There isn’t really an analogy for the type of tool we are building with AI; not yet.
Some liken it to the invention of fire, or the creation of electricity, or the steam engine, or even the internet itself.
But it’s really so much more than that. Earlier innovations had a tendency to speed up the innovations after them. These tools were all accelerants for human civilization by removing some core drudgery that occupied our bodies and hands.
Fire begot steam, steam begot engines, engines begot electricity, electricity begot electronics, electronics begot modern computers.
The earlier innovations aided in removing physical drudgeries. The cooking of food meant less food poisoning. The engines pushed by steam meant being able to move immense amounts of goods over far distances.
And the creation of computers meant a new kind of burden was eased: The cognitive. But for the better part of the past century, it was only a very specific type of cognitive burden that has been increasingly eased.
It was things like the rote memorization and storage of knowledge, the calculation and counting of vast quantities of numbers, or the actual recording of memories and information through video or audio.
People didn’t really need to manually do a lot of these things anymore. And in a sense, they’d never be able to compete with a computer, if the software was coded correctly.

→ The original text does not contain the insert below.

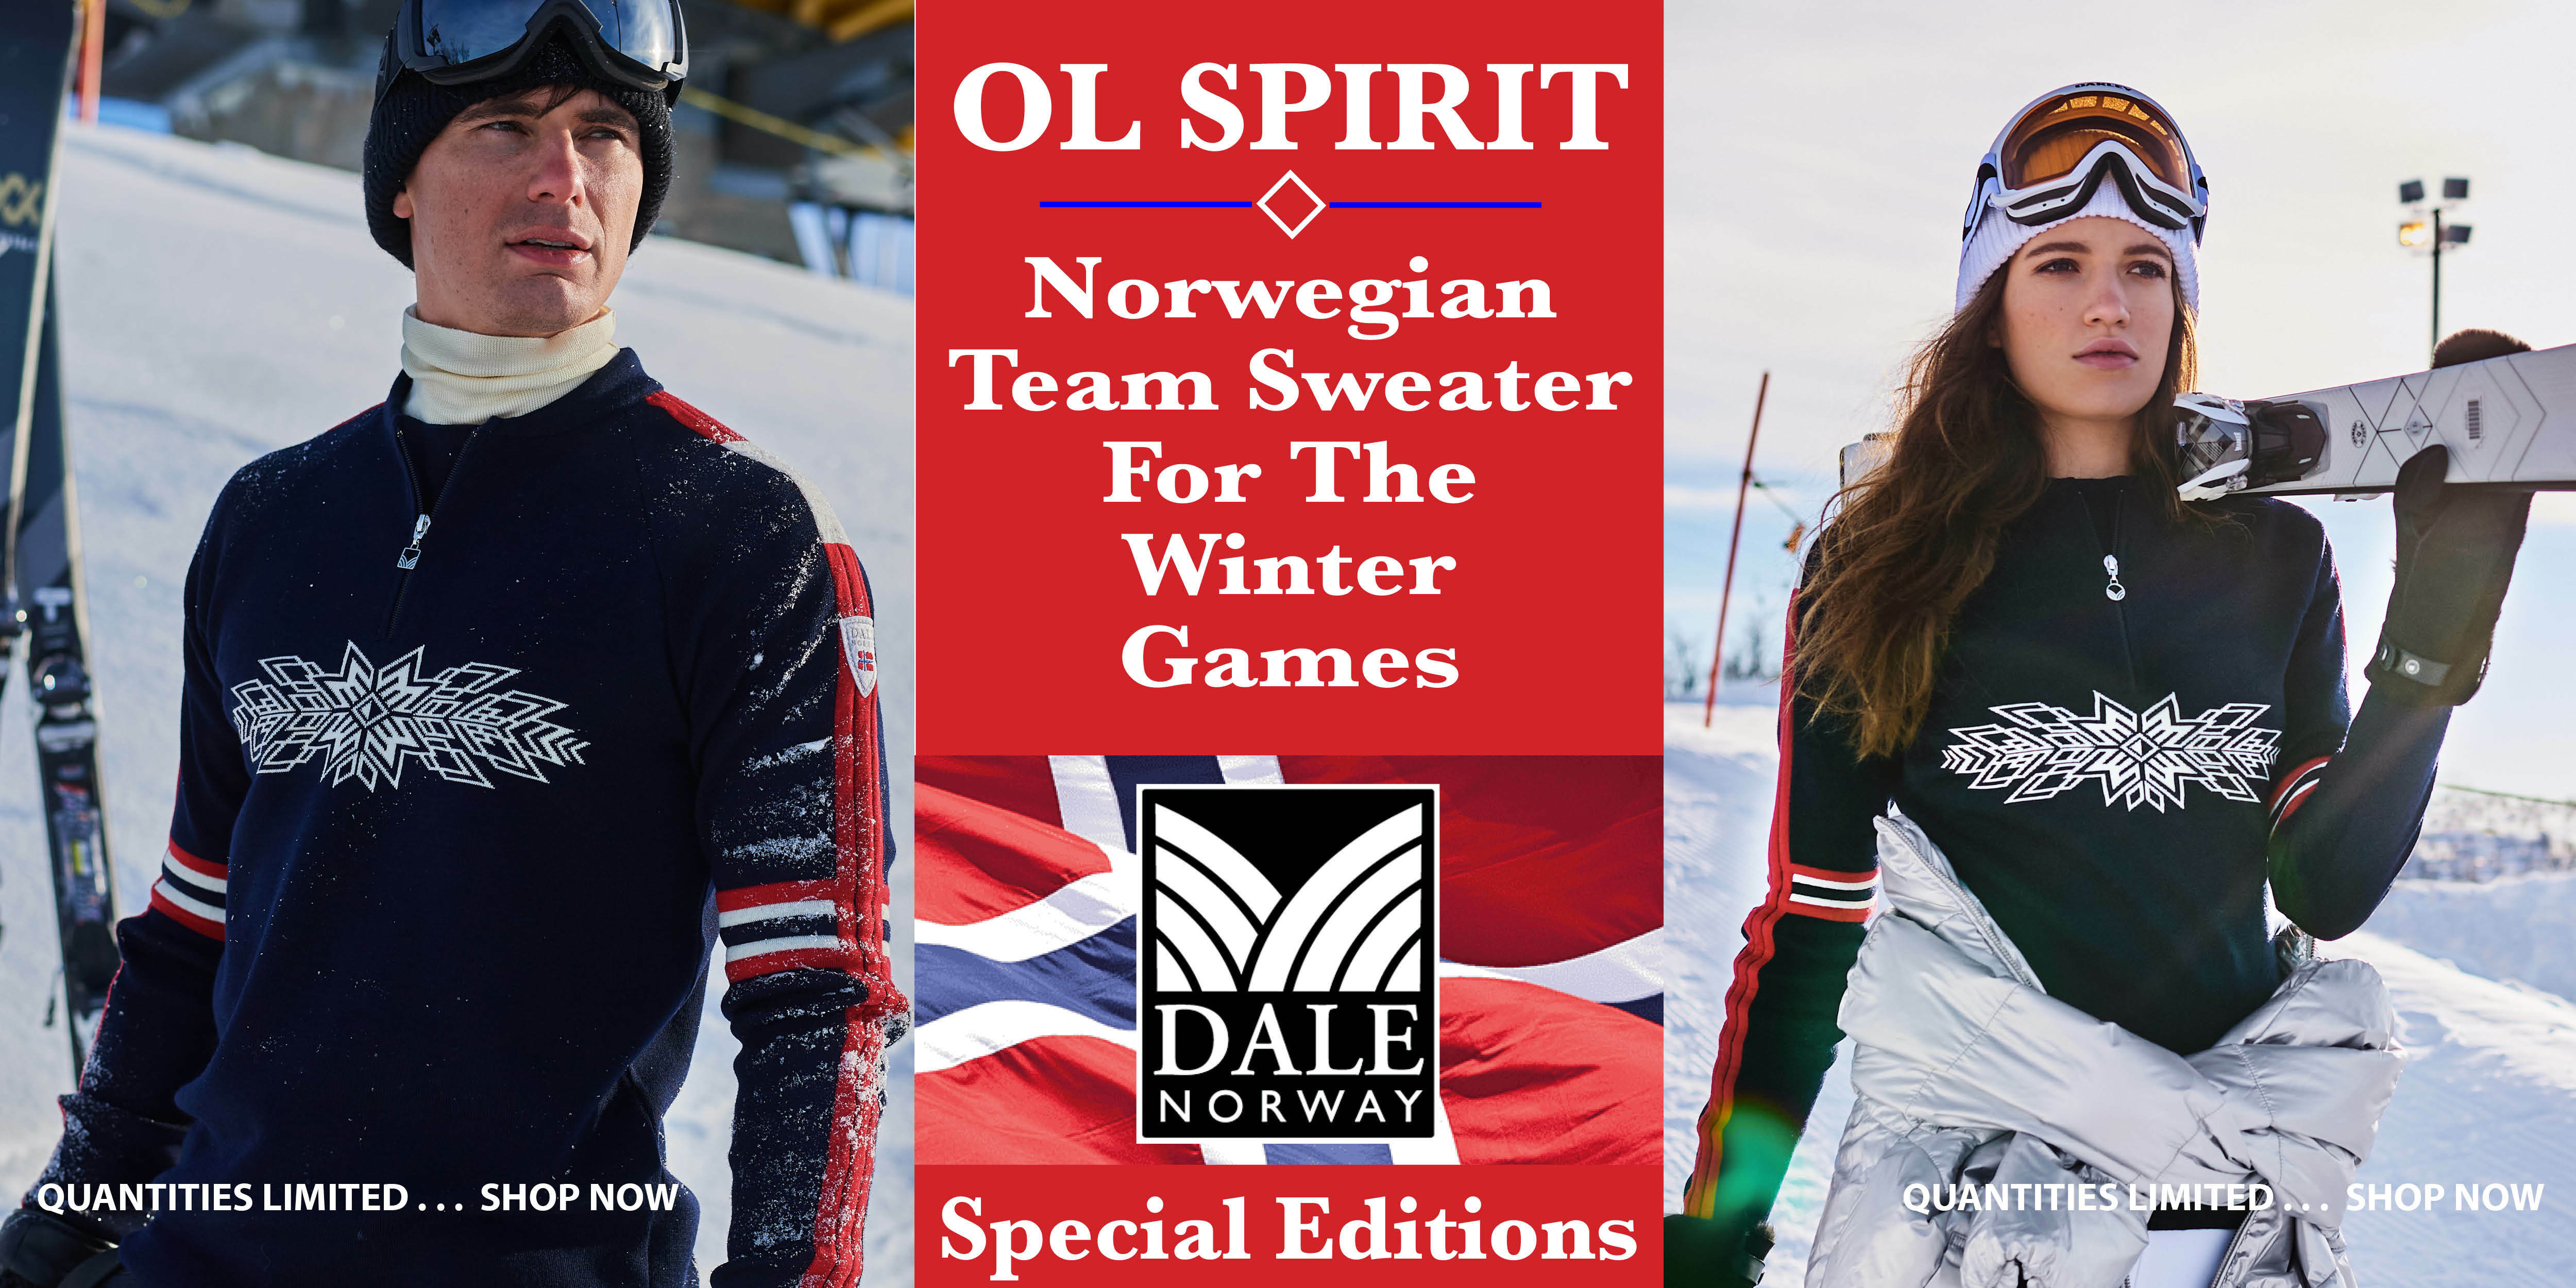 Norwegian Olympic Team Sweater, Beijing Norwegian Team Sweater, 2022 Beijing Norwegian Olympic Team Sweater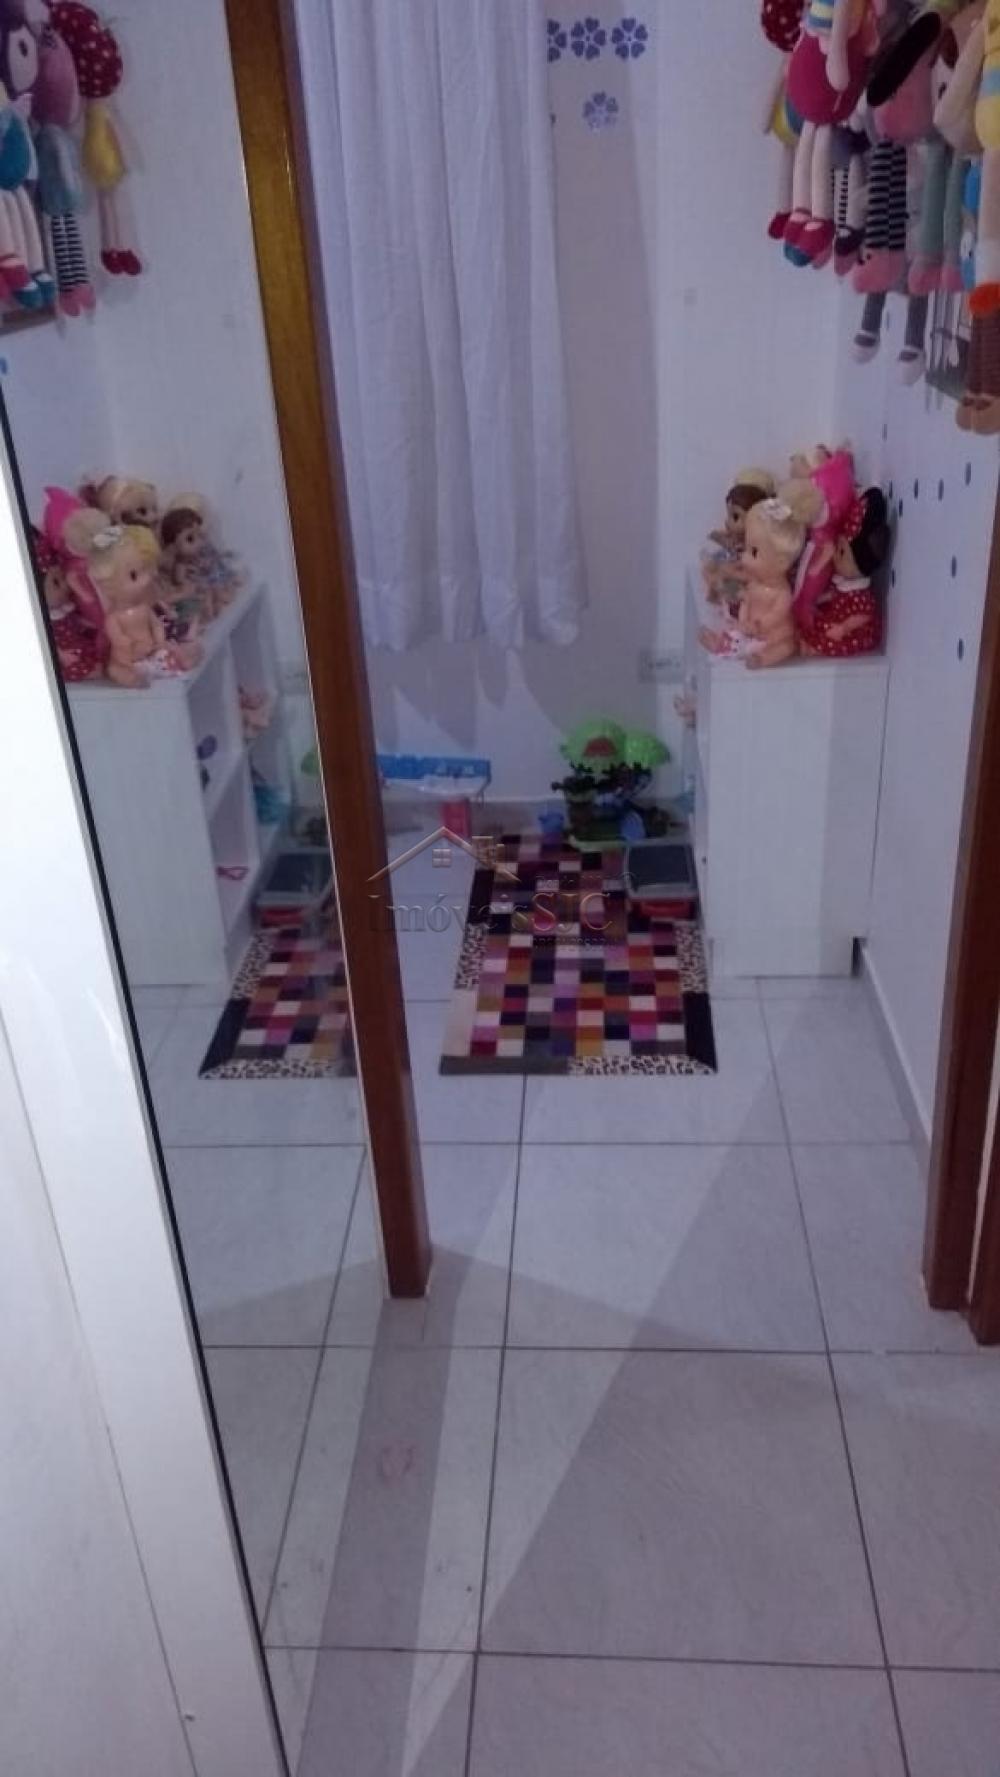 Comprar Casas / Condomínio em São José dos Campos apenas R$ 175.000,00 - Foto 14

We had taught the microchips made of sand to count, and the implications of it were enormous, but nearly unimaginable at the time. Every app and website we know of today was built from the constraints of these chips, handcrafted from the logic that a programmer at each level of the stack had built.
Video editing apps, streaming services, data analytics, coding platforms, social media apps, communication tools, real-time document sharing, dating apps, real-estate apps, AirBnB, Uber, games — the list of tools built from this simple primitive of sand that can count seems endless, and it has totally transformed the nature of how we work, what we need to remember, and the way we think about the things in general.
However, one thing has remained consistent through the past 50 years of revolution in personal computing: A notion that computers could never really be creative.
It was a notion that what “computers do” is robotic, and what people do is special, and can’t be automated.
If a task was viewed as too simple or robotic, a coder often could build some app or tool to automate it, and the people using that app outcompeted everyone who didn’t use it. Soon, no one was doing that robotic task manually anymore.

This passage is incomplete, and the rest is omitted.